Question:
For all $n$ large enough, there exists a matrix $A \in [-1,1]^{n \times n}$ such that $A\cdot A$ is a diagonal matrix with each diagonal entry at least $\frac{n}{100}$.
Discussion:
When there is a Hadamard matrix of order $n$, we can take $A$ to be that. But when $n$ is not a multiple of 4, there is no Hadamard matrix of order $n$.
Translation to Geometry: Let $B_n(r)$ be the open ball of radius $r$ centered at origin in $\mathbb{R}^n$. For all $n$ large enough, there are $n$ orthogonal vectors in $[-1,1]^n \setminus B_n\left(\sqrt{\frac{n}{100}}\right)$.

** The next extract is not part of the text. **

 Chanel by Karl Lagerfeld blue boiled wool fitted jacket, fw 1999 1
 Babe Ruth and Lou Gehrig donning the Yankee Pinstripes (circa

For example, you can use the Discrete Cosine matrix $$ C=[C_{ij}]_{1\leq i,j\leq n},\quad C_{ij}=\sqrt{\frac{2}{n}}\cos\left(\left(i-\frac{1}{2}\right) \left(j-\frac{1}{2}\right)\frac{\pi}{n} \right) $$ which is symmetric and self inverse, thus $$ C^\top C=I_n. $$ Take $A=\sqrt{n/2}\cdot C$ which should satisfy your requirement with each diagonal entry of $A^\top A$ at least $n/2$.